Re: A limit bug
- To: mathgroup at smc.vnet.net
- Subject: [mg84518] Re: [mg84511] A limit bug
- From: Andrzej Kozlowski <akoz at mimuw.edu.pl>
- Date: Tue, 1 Jan 2008 03:28:17 -0500 (EST)
- References: <200801010216.VAA08134@smc.vnet.net>
On 1 Jan 2008, at 11:16, David W.Cantrell wrote:
> A recent question in sci.math led to something which should also
> interest
> this group.
>
> The OP asked about the limit of (p + q)!/(p! q!) as both p and q
> increase
> without bound. And he said later
>
>> I wasn't sure about it because Mathematica gives me a limit of zero.
>> Isn't that strange?
>
> I responded as follows.
>
> ----------------------------------------------
>
> Well, it's a bug. I suppose that what you did in Mathematica was
> something
> like
>
> In[3]:= Limit[Limit[(p + q)!/(p! q!), q -> Infinity], p -> Infinity]
>
> Out[3]= 0
>
> But note that there is not any way -- well, at least none known to
> me -- in
> Mathematica to get a true general "two-variable" limit:
>
> limit f(x,y) as (x,y) -> (x0,y0)
>
> However, Mathematica can get a correct answer for your limit problem.
>
> First, realize that (p + q)!/(p! q!) is Multinomial[p, q]. So you
> might try
>
> In[5]:= Limit[Limit[Multinomial[p, q], q -> Infinity], p -> Infinity]
>
> Out[5]= Limit[Limit[Multinomial[p, q], q -> Infinity], p -> Infinity]
>
> Since that remains unevaluated (but at least there was now no bug!),
> you
> might consider the possibility that it remained unevaluated for a good
> reason, namely, because a little more information had to be provided:
>
> In[6]:= Limit[Limit[Multinomial[p, q], q -> Infinity, Assumptions ->
> p > 1],
> p -> Infinity]
>
> Out[6]= Infinity
>
> Success! Happy New Year!
>
> But BTW, note that, curiously, the following fails:
>
> In[7]:= Limit[Limit[(p + q)!/(p! q!), q -> Infinity, Assumptions ->
> p > 1],
> p -> Infinity]
>
> Out[7]= Indeterminate
>
> David
>
I think using iterated limits above actually obscures what happens. In
fact:
Limit[Multinomial[p, q], q -> Infinity,
Assumptions -> p > 1]
Infinity
Thus there is not much point in further taking limits as p->Infinity,
since the answer, being independent of p will certainly not change. On
the other hand
Limit[(p + q)!/(p!*q!), q -> Infinity, Assumptions -> p > 1]
Infinity/p!
We can now see what happened here and the source of the problem.

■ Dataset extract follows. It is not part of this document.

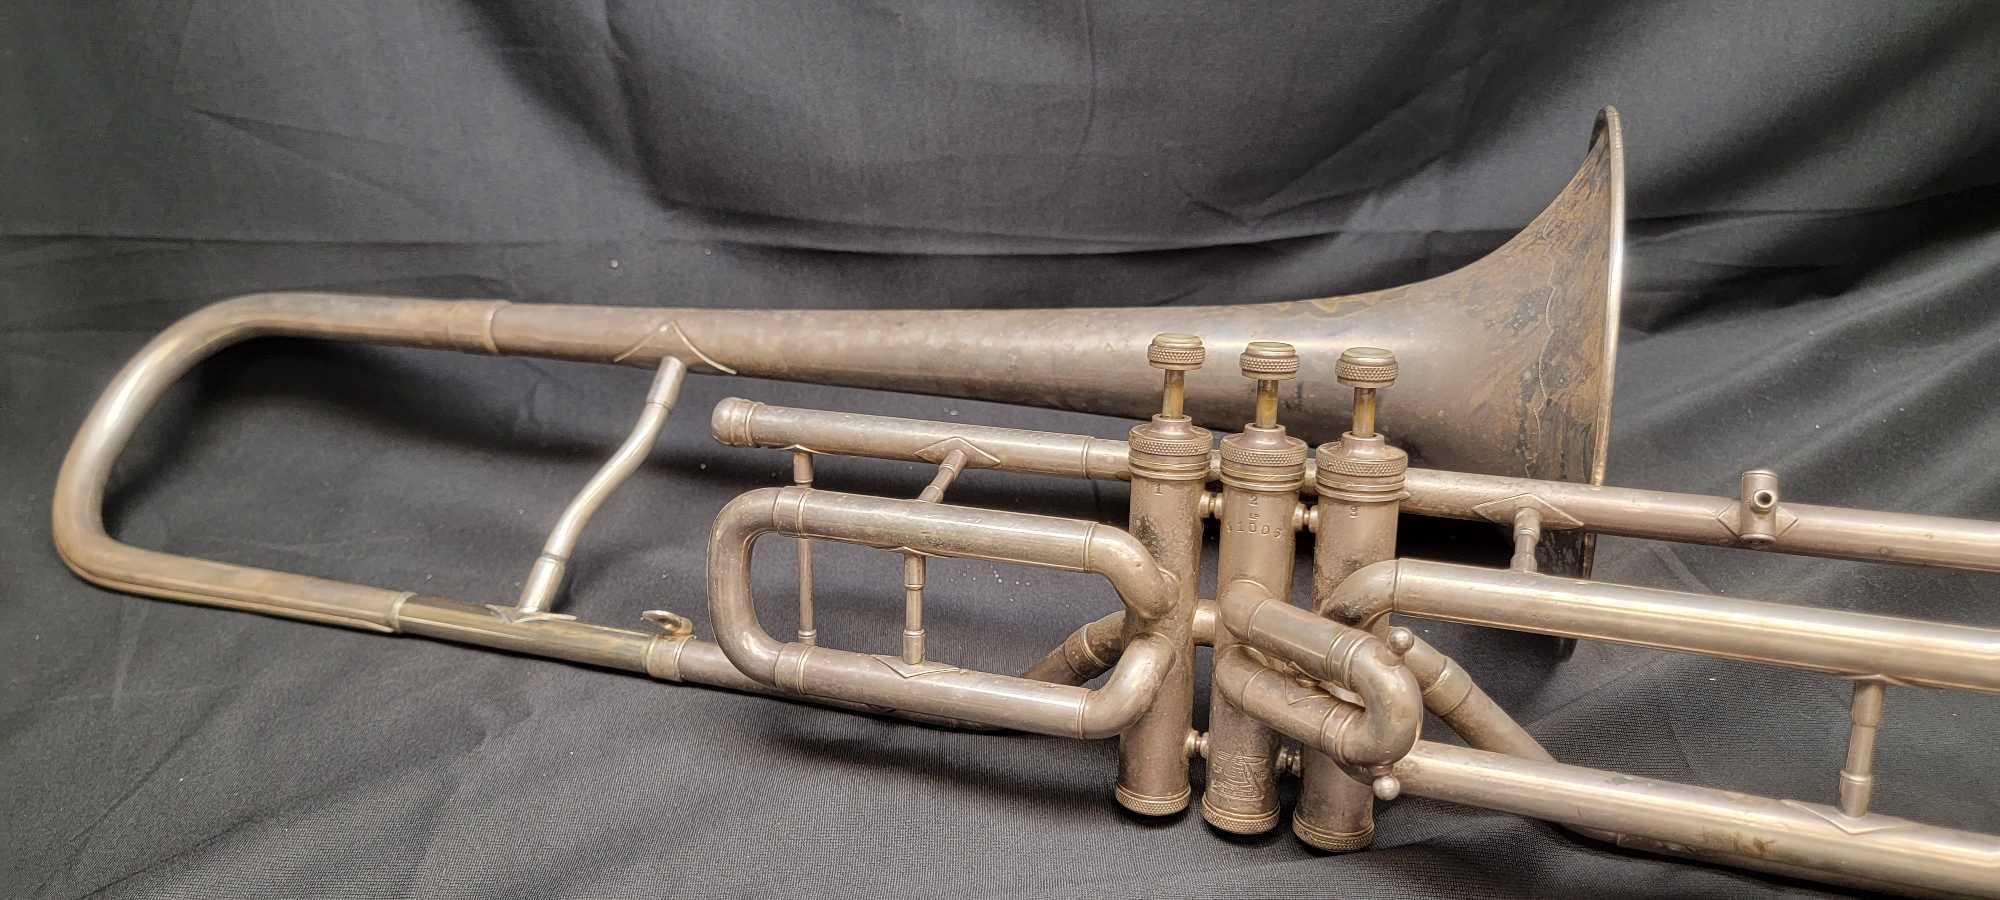 1932 Buescher True Tone LP 2 Trumpet w/ Original Case

Mathematica simply computed
Limit[(p + q)!/q!, q -> Infinity, Assumptions -> p > 1]
Infinity
and then divided the answer by p! returning Infinity/p! since
Mathematica leaves Infinity/a unevaluated for an undefined symbol a.
Now, of course taking the limit with respect to p as p->Infinity will
quite correctly produce Indeterminate. I would not call this a bug but
rather a bit of a design problem.
On a related note; although I think Mathematica is right to leave
unevaluated expressions such as Infinity/a, I would prefer it to
return Infinity in the example below:
Assuming[Element[a, Reals] && a != 0,
Simplify[Infinity/a]]
Andrzej Kozlowski